Everyone stands to benefit from immigrant patients’ full participation in the healthcare system. It is detrimental to public health as a whole if immigrants do not disclose important aspects of their health, or do not access necessary health services for fear of deportation.

Nonprofits, particularly those who work in the healthcare and immigration sectors, will play a significant role in the implementation and use of the NYC Care program. While the City is implementing several resources to inform the public about NYC Care, such as customer service and marketing, nonprofits will be crucial in seeing that undocumented immigrants access NYC Care’s services.  Below are some key ways to accomplish that goal:

1. Educate healthcare staff on protocol for engaging with immigration officials

Immigrations and Customs Enforcement (ICE) classifies healthcare centers as “sensitive locations,” meaning that agents are instructed to avoid detaining undocumented immigrants at these locations unless there are special circumstances for doing so. However, arrests of undocumented immigrants at these locations have been documented under the Trump administration. The fear of deportation has led many undocumented immigrants to avoid healthcare services altogether.
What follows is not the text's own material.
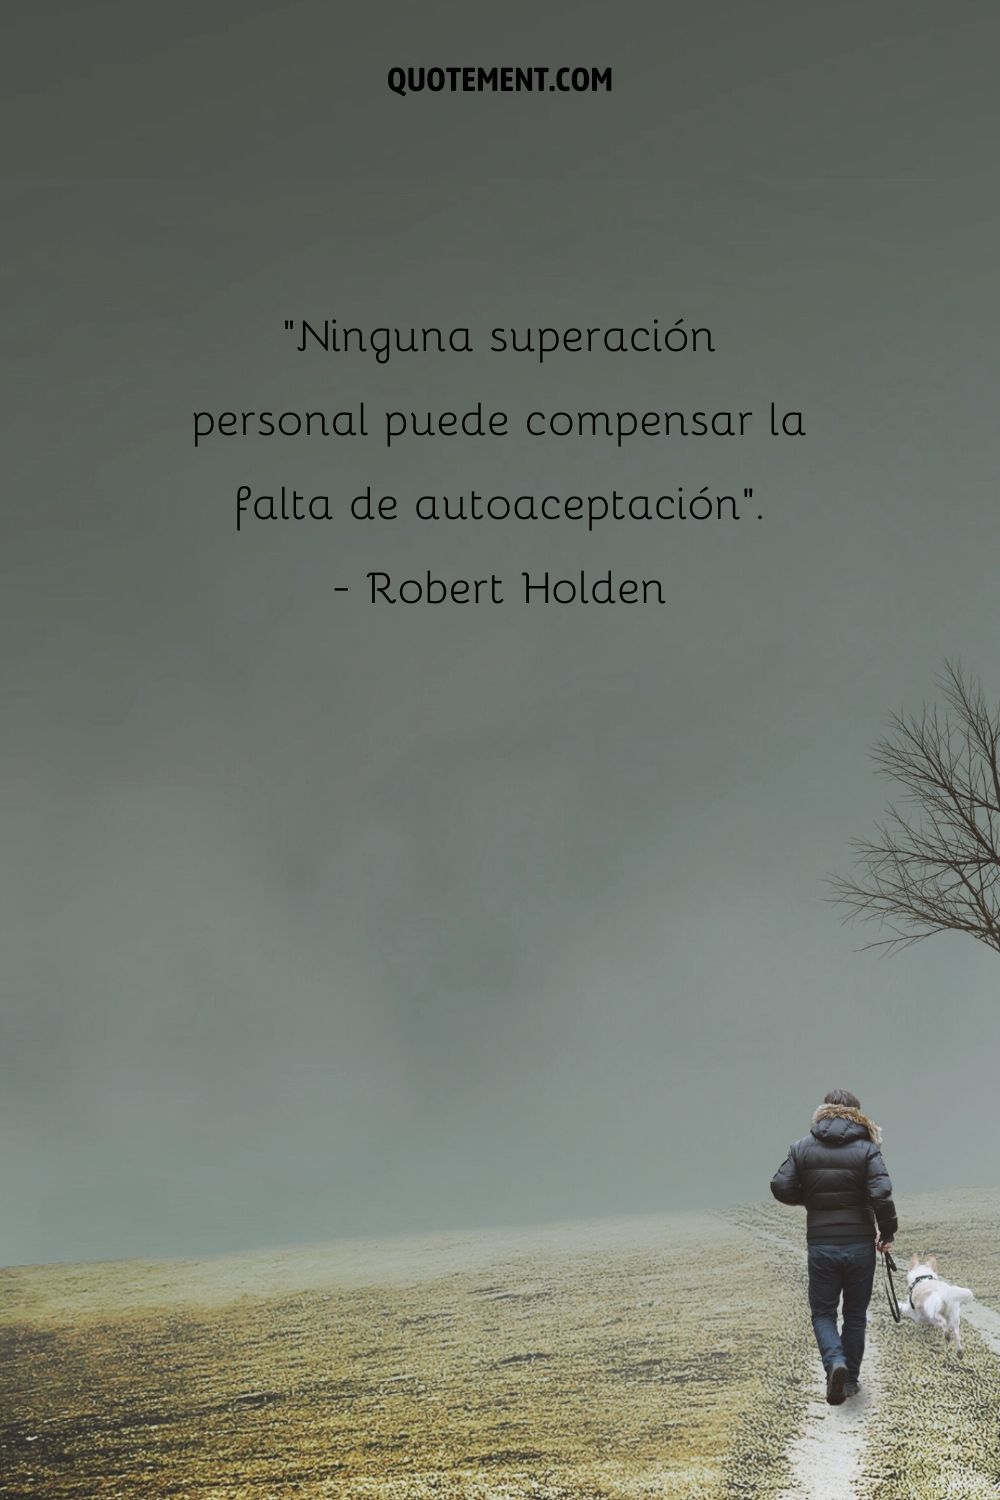 "Ninguna superación personal puede compensar la falta de autoaceptación". - Robert Holden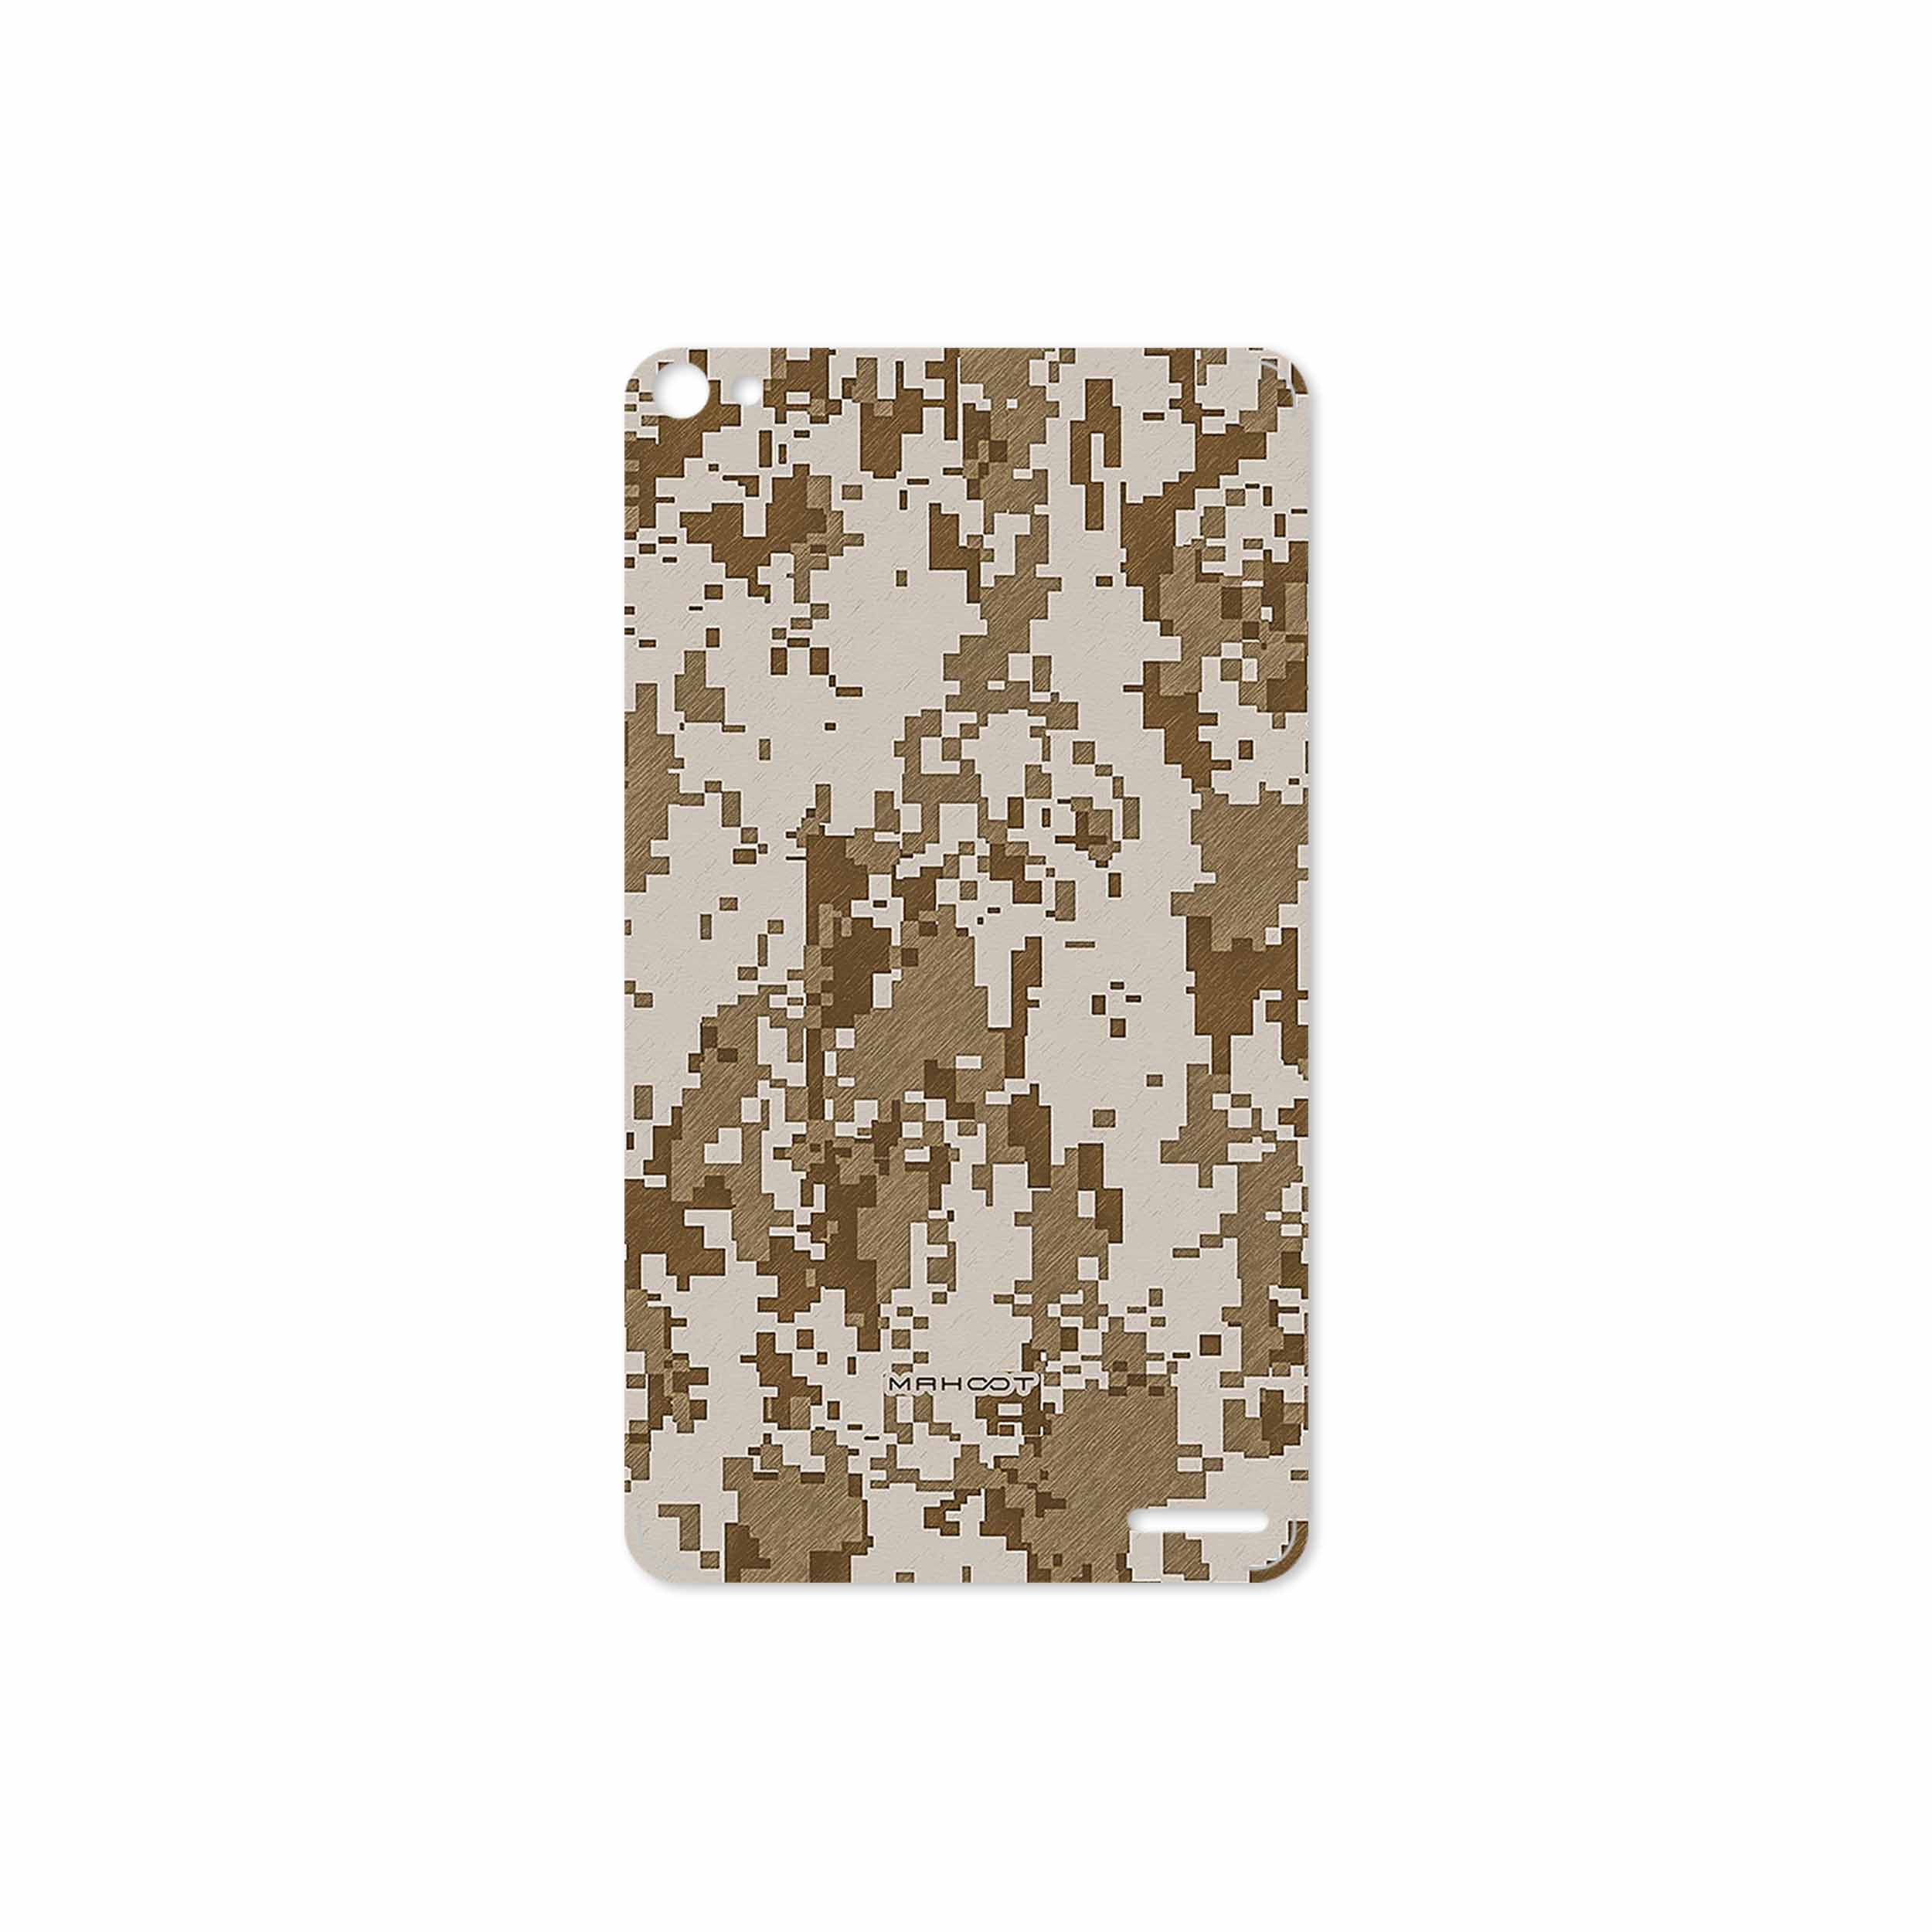 برچسب پوششی ماهوت مدل Army-Desert-Pixel مناسب برای تبلت هوآوی Mediapad X2 2015

Educating staff on what information they are allowed to withhold from immigration officials will allow them to focus on providing healthcare services, and assure immigrants that they can confide in staff and continue to safely access healthcare services.

2. Inform undocumented patients of their healthcare options

Undocumented immigrants may be under the impression that they are not eligible for certain insurance plans, or may not know about low-cost options at safety net clinics. Providers should consider holding a workshop or some other campaign after NYC Care is implemented to inform undocumented immigrants of their new healthcare options.

3. Become acquainted with changes in immigration policy, and how they affect immigrant patients

For vulnerable populations such as undocumented immigrants, health care and social services must be linked in order for this group to live healthy lives. The stressors of immigration policy can be detrimental to the health of immigrant patients, particularly their mental health. One way healthcare professionals can be attentive to this is by connecting immigrant patients to other social services that can positively impact their health. Northwell Health, a premiere healthcare organization, provides medical professionals with additional advice on improving healthcare for immigrants.

4. Make hospitals and healthcare centers more welcoming environments for immigrants

If immigrants don’t feel welcomed by hospitals and healthcare centers, they may be less willing to access them, even after NYC Care becomes available or their health condition requires it. Several key components of a welcoming environment include options for translation services, increasing diversity among medical professionals, and providing culturally competent medical care.